## The task
Of the entries below, restate word for word only the section that runs from the line with "Ex-libris Sérigraphie, Lièvre" to the line with "Sofa chaiselongue rincon", counting both ends.

## Records shown
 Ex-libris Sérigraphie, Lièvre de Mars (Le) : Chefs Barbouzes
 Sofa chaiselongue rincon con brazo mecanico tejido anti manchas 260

...

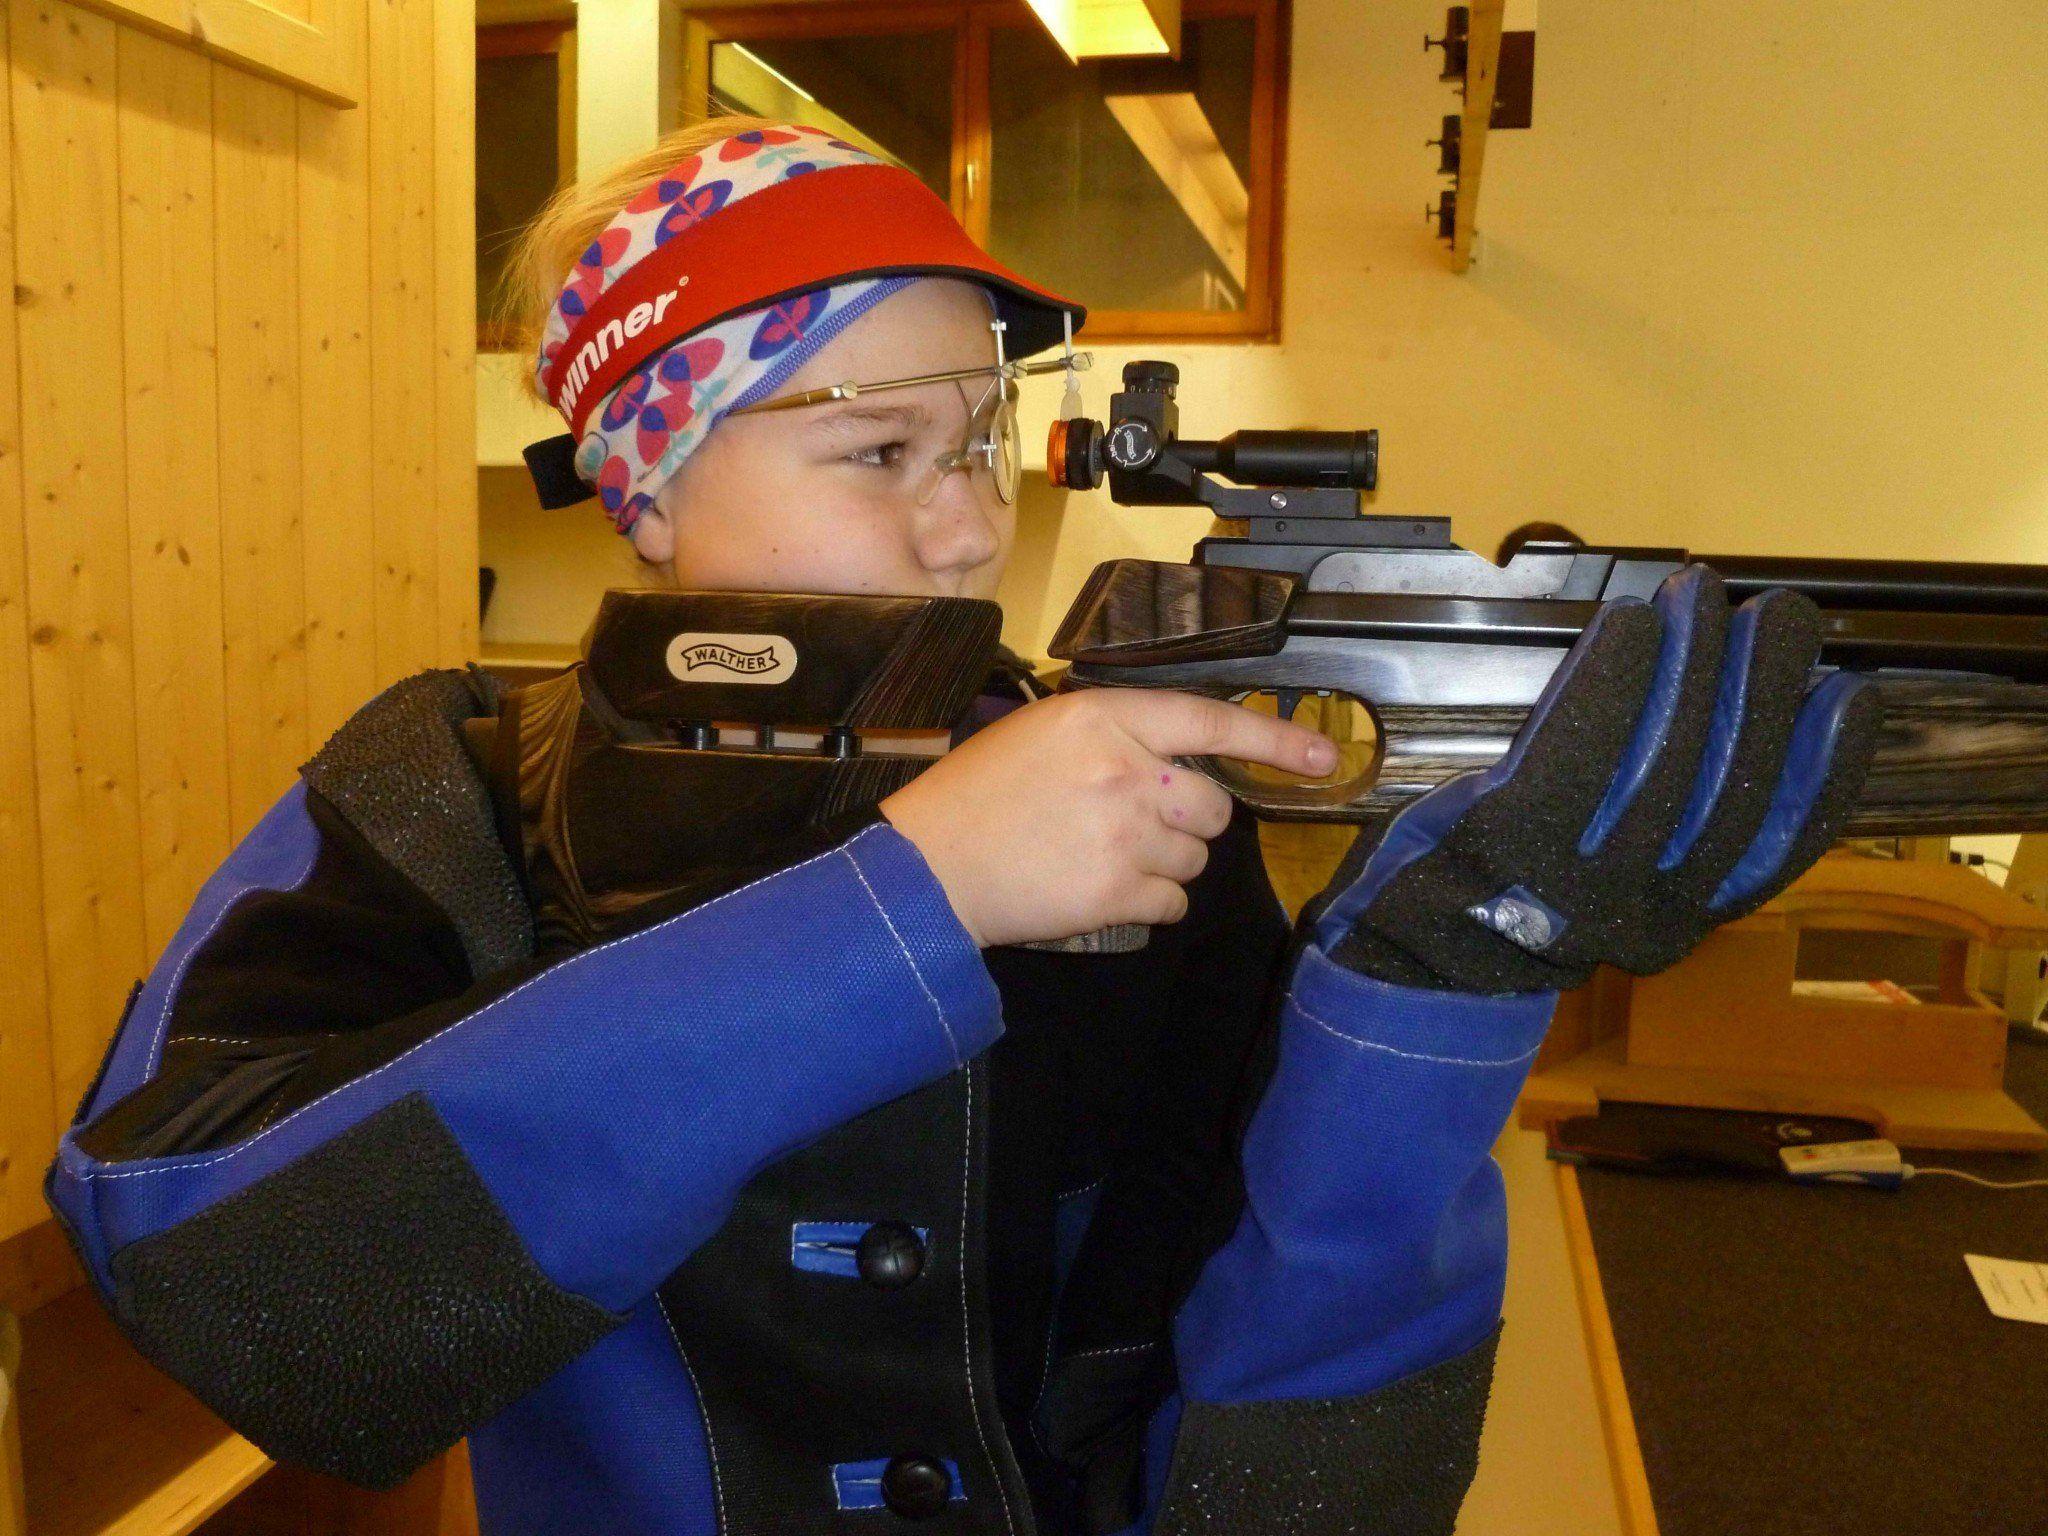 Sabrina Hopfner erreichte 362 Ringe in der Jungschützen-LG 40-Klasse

## Answer area
 Ex-libris Sérigraphie, Lièvre de Mars (Le) : Chefs Barbouzes
 Sofa chaiselongue rincon con brazo mecanico tejido anti manchas 260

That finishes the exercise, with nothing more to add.